More generally, in $S_{2n}$, the perfect shuffle is the permutation that splits the set into 2 piles and interleaves them:
$S_{2n}$=$$\begin{pmatrix} 1 & 2 & 3 & 4 & \cdots & 2n-1 & 2n\\
1 & n+1 & 2 & n+2 & \cdots & n & 2n \end{pmatrix}$$
In other words, it is the map
$$k \mapsto \begin{cases}
\frac{k+1}{2} & k \ \text{odd}\\
n+\frac{k}{2} & k \ \text{even}
\end{cases}$$

Analogously, the $(k,n)$-perfect shuffle permutation is the element of $S_{kn}$ that splits the set into k piles and interleaves them.

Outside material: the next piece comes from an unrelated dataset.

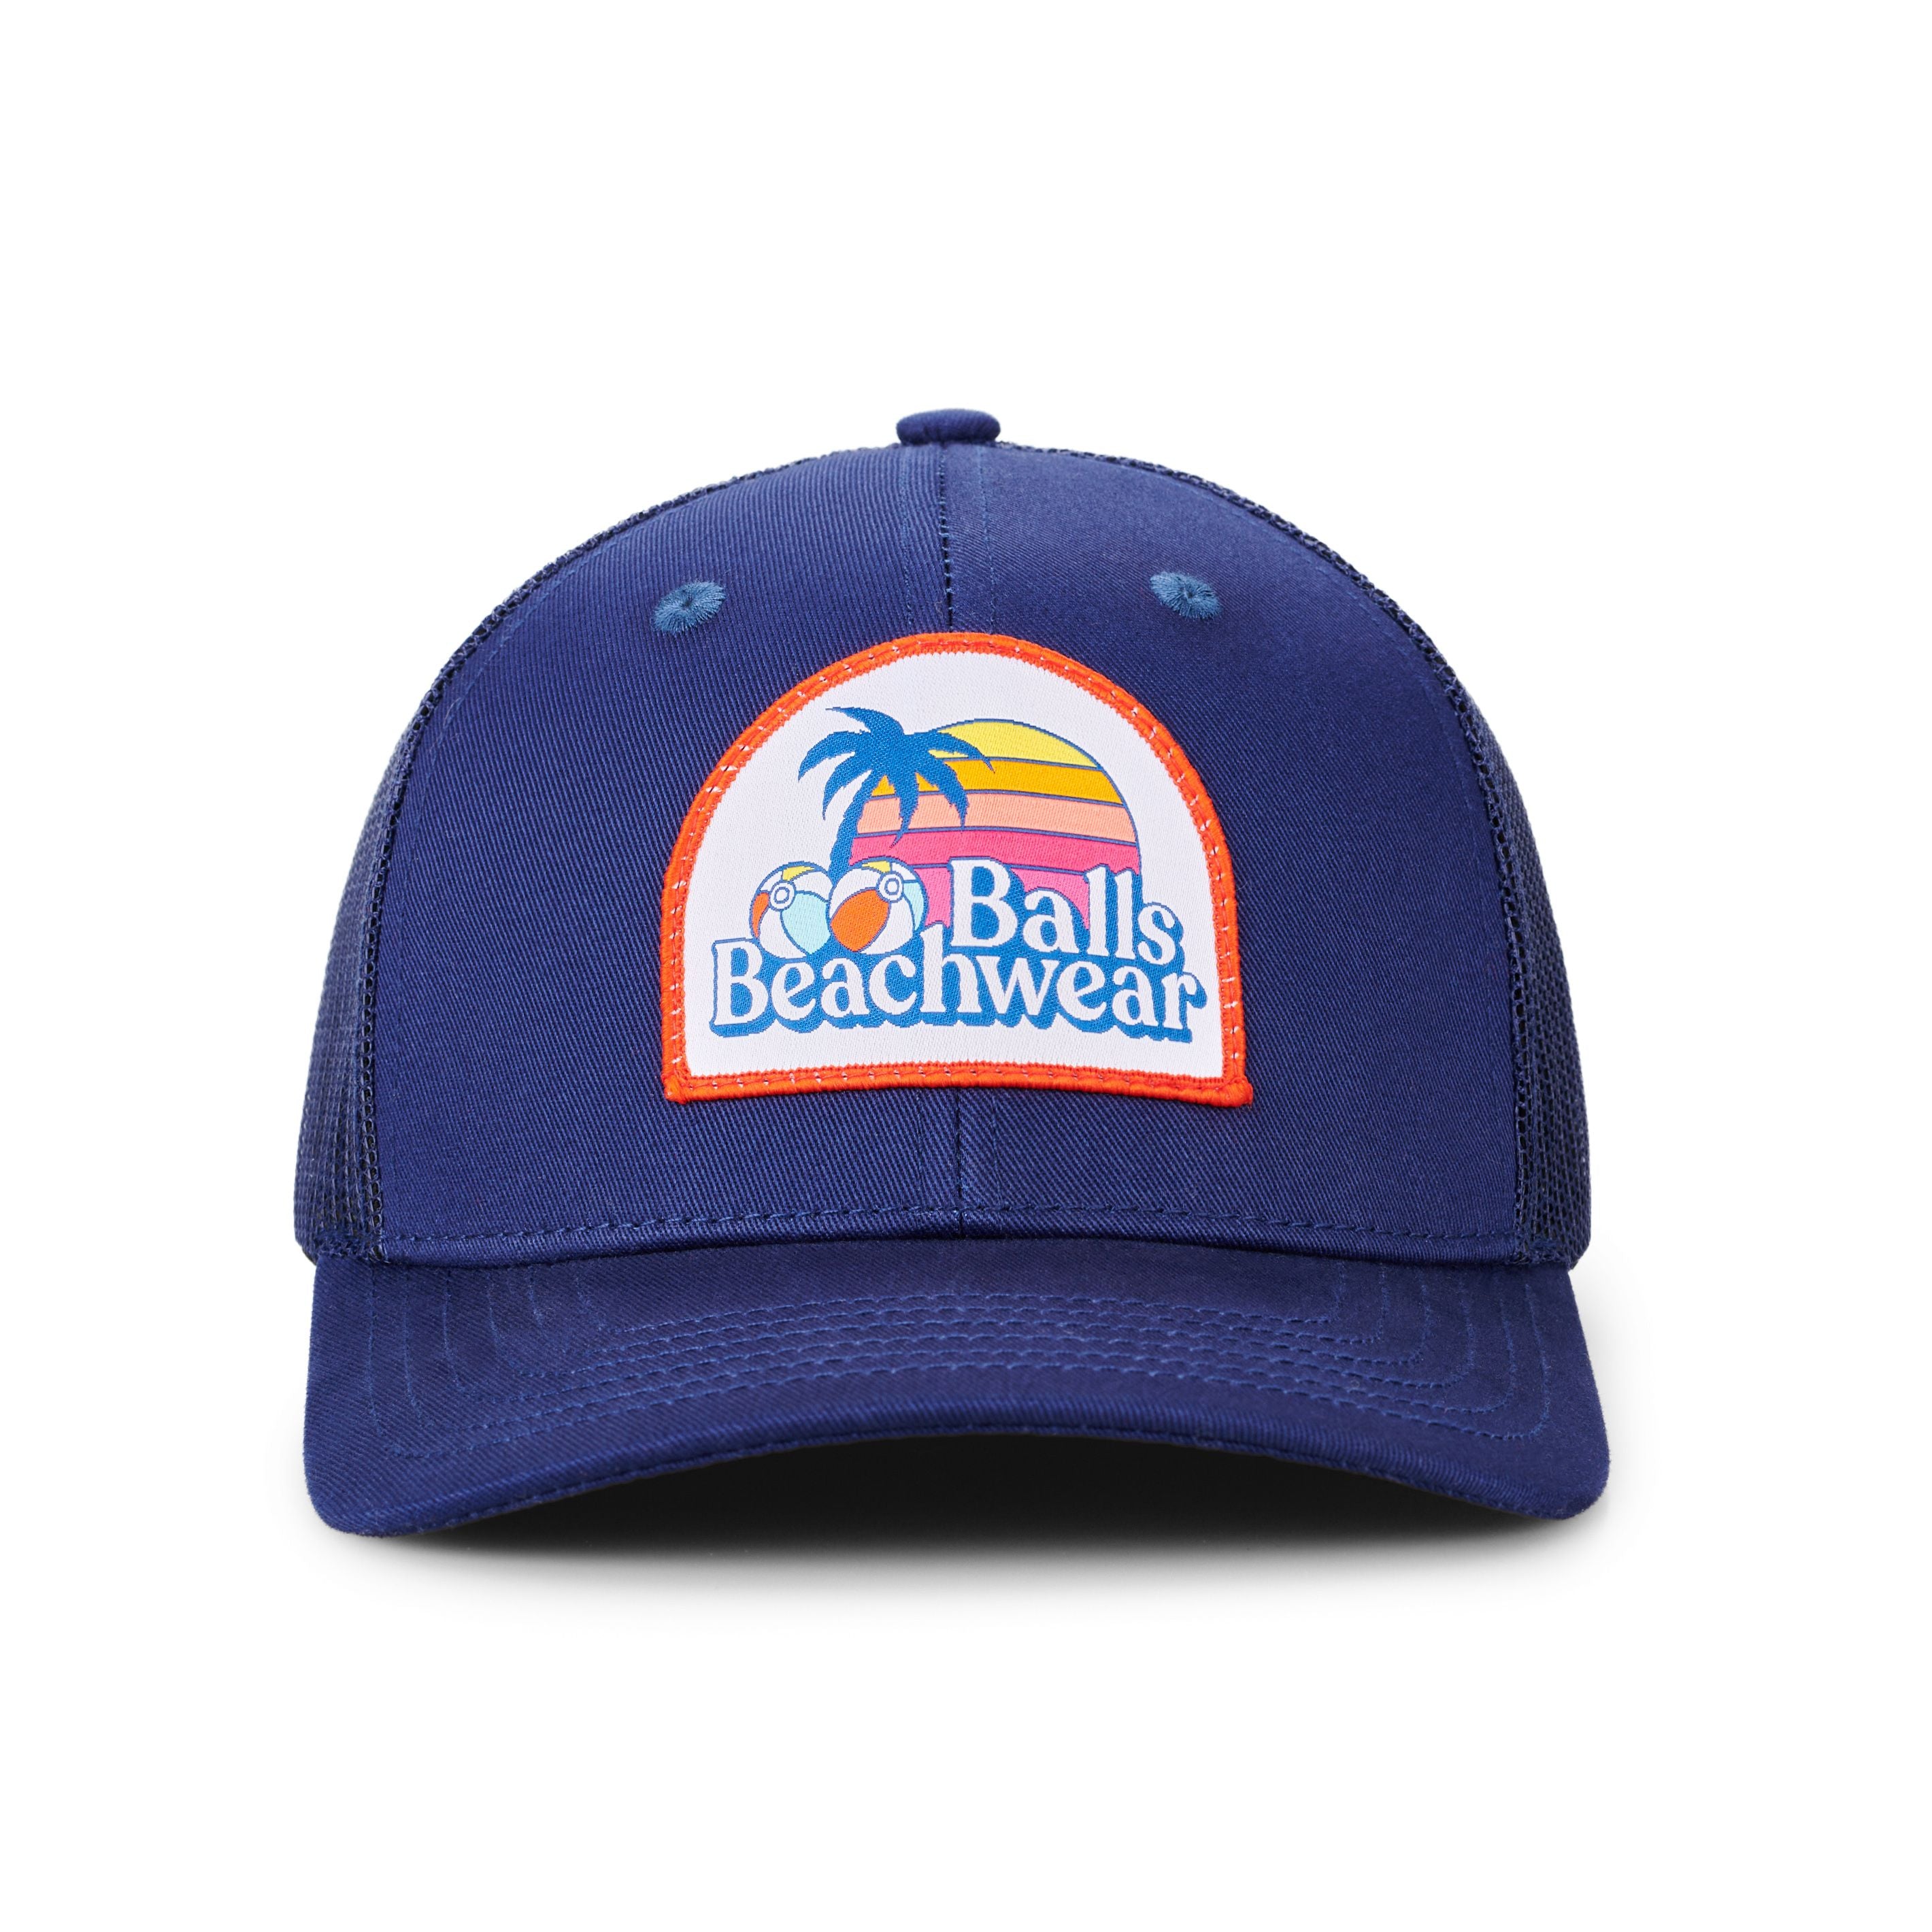 Balls Beachwear Sunset Patch Trucker Hat-Hats-Balls Beachwear-One Size-Navy-Barstool Sports

The $(2,n)$-perfect shuffle, denoted $\rho_n$, is the composition of the $(2,n-1)$-perfect shuffle with an $n$-cycle, so the sign of $\rho_n$ is:

$\mbox{sgn}(\rho_n)=(-1)^{n+1}\mbox{sgn}(\rho_{n-1}).$

The sign is thus 4-periodic:

$$\mbox{sgn}(\rho_n)=(-1)^{\lfloor n/2 \rfloor}=\begin{cases}
+1 & n \equiv 0,1 \pmod{4}\\
-1 & n \equiv 2,3 \pmod{4}
\end{cases}$$

The first few perfect shuffles are: $\rho_0$ and $\rho_1$ are trivial, and $\rho_2$ is the transposition $(23) \in S_4$.